I have the following scenario:
I have a web service that upon a single user request aggregates data from some third party servers. The requests to the third parties can be SOAP or plain urllib2 requests with XML data, and each one is done in a separate thread.
Here is a overall picture of what I'm doing:
ThirdParty1(Thread):
def run(self):
try:
result = SOAPProxy('http://thirdparty.com', timeout=2).method(params)
dostuff_and_save(result) # save results on database
except Exception:
log.warn('Ooops')
ThirdParty2(Thread): ...
def myview(params):
thread = [ThirdParty1(), ThirdParty2()]
for t in thread: t.start()
for t in thread: t.join(timeout=2)
return result # this is actually just a token, that I use to retrieve the data saved by the threads
My current problem is to reliably return a response to my user's request when any of the third party servers hang on their side. I've tried to set timeout on the thread join, on the SOAPProxy object, and to do a socket.setdefaulttimeout
. None of the timeouts are respected.
I managed to dig down the SOAPProxy problem and found out that it uses httplib, and httplib deep down uses socket.makefile(), the docs says:
socket.makefile([mode[, bufsize]])
Return a file object associated with the socket. (File objects are described in File > Objects.) The file object references a dup()ped version of the socket file descriptor, so > the file object and socket object may be closed or garbage-collected independently. The socket must be in blocking mode (it can not have a timeout). The optional mode and bufsize arguments are interpreted the same way as by the built-in file() function.
Every other SOAP library that I found, one way or the other, uses the httplib too.
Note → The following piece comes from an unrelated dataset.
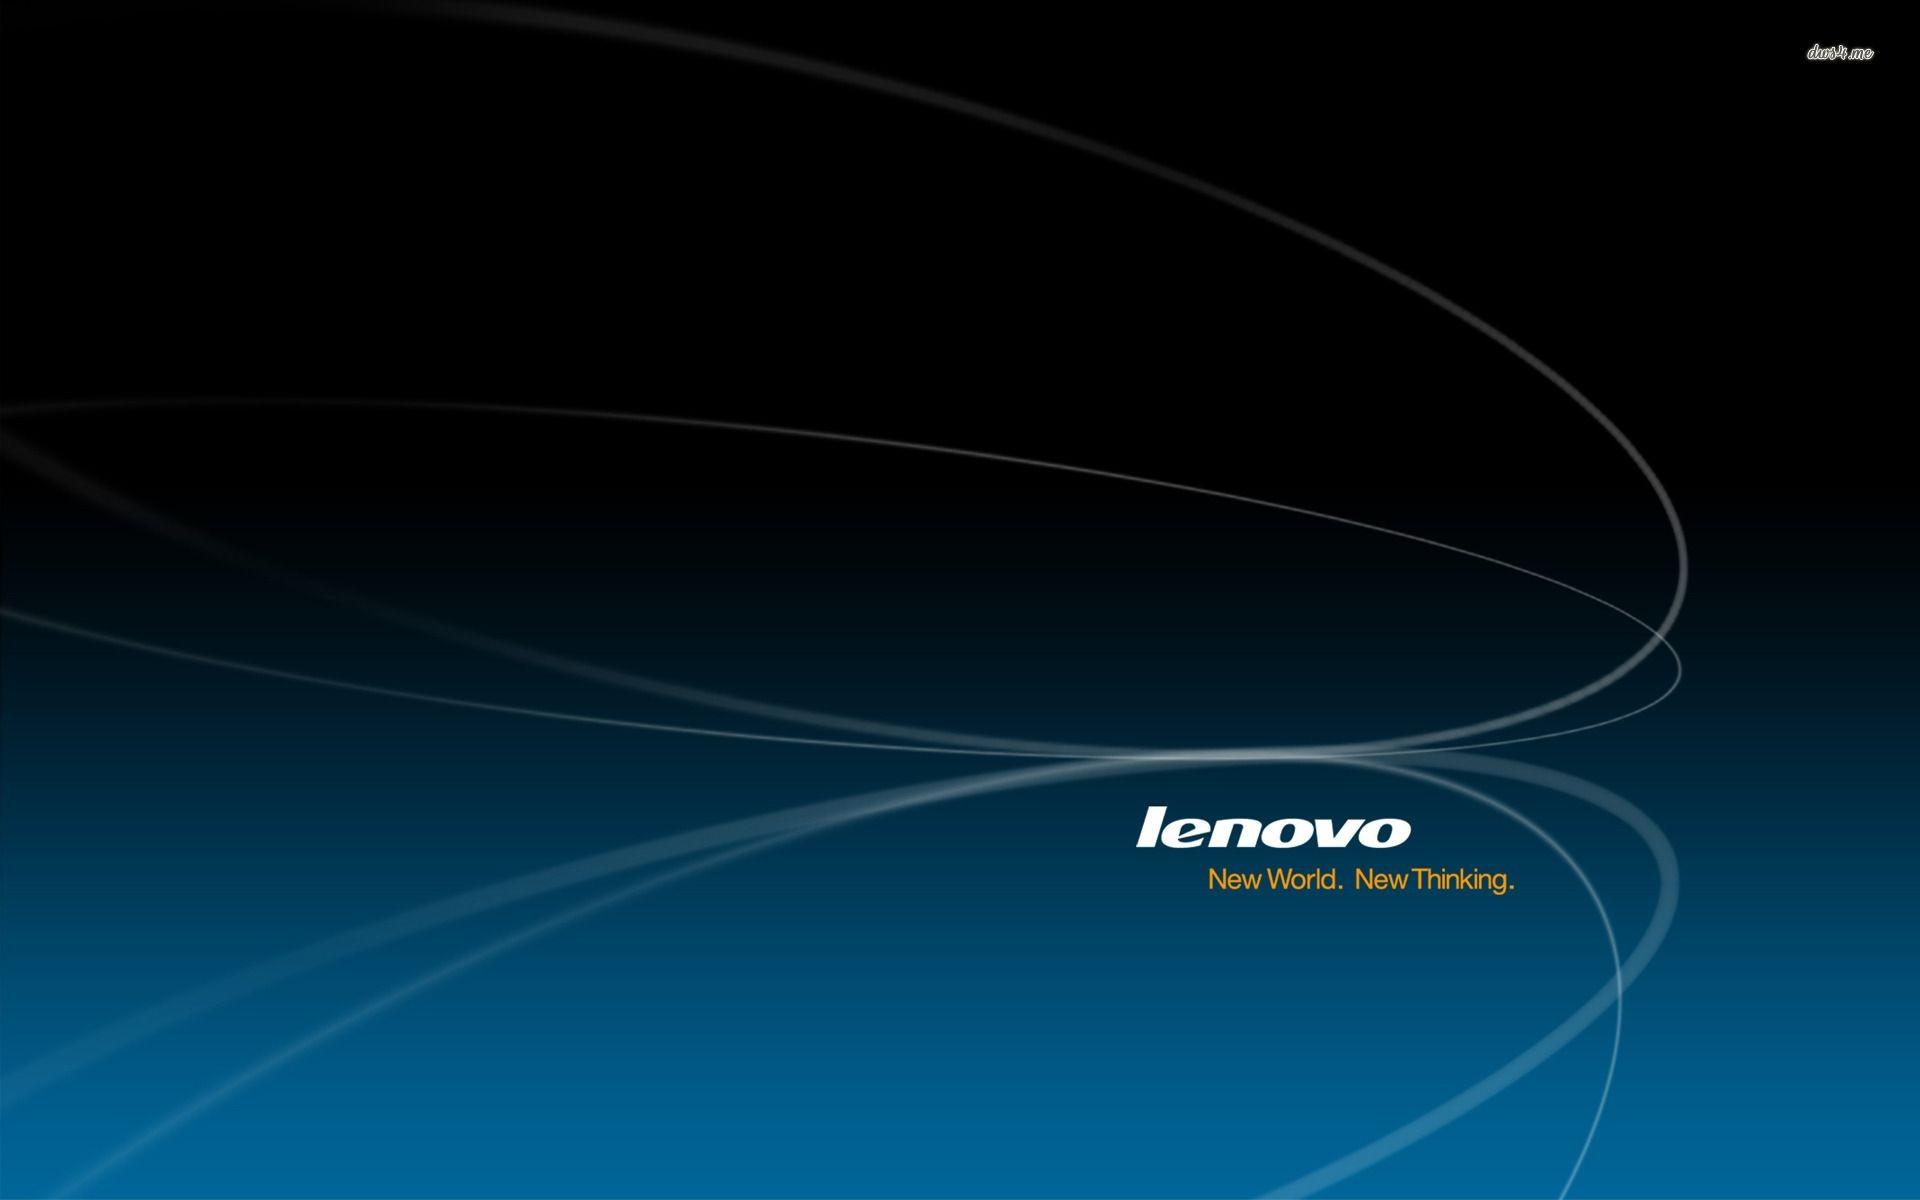 lenovo wallpapers hd windows wallpapers - HD1920×1200

To complicate the matters, I might need to access the database from the requesting thread and I do not fully understand what are the consequences of killing the thread with this sort of strategy, I'm considering do database stuff from outside the thread, when that is possible.
Then, my questions is:
How can my web service respond to the user in due time and gracefully handle the badly behaving third party servers when the timeout is not respected?
The fact that HTTPResponse uses makefile might not be as bad as I thought, turns out that makefile
is really non buffering by default, and it can raise timeout exceptions, here is what I tried:
On one console I opened netcat -l -p 8181 '0.0.0.0'
in another one I open python2.7
and runned:
>>> import socket
>>> af, socktype, proto, canoname, sa = socket.getaddrinfo('0.0.0.0', 8181, 0, socket.SOCK_STREAM)[0]
>>> s=socket.socket(af, socktype, proto)
>>> s.settimeout(.5)
>>> s.connect(sa)
>>> f=s.makefile('rb', 0)
>>> f.readline()
Traceback (most recent call last):
File "<stdin>", line 1, in <module>
File "/usr/lib/python2.7/socket.py", line 430, in readline
data = recv(1)
socket.timeout: timed out
But my problem of how to do reliable third party request persists.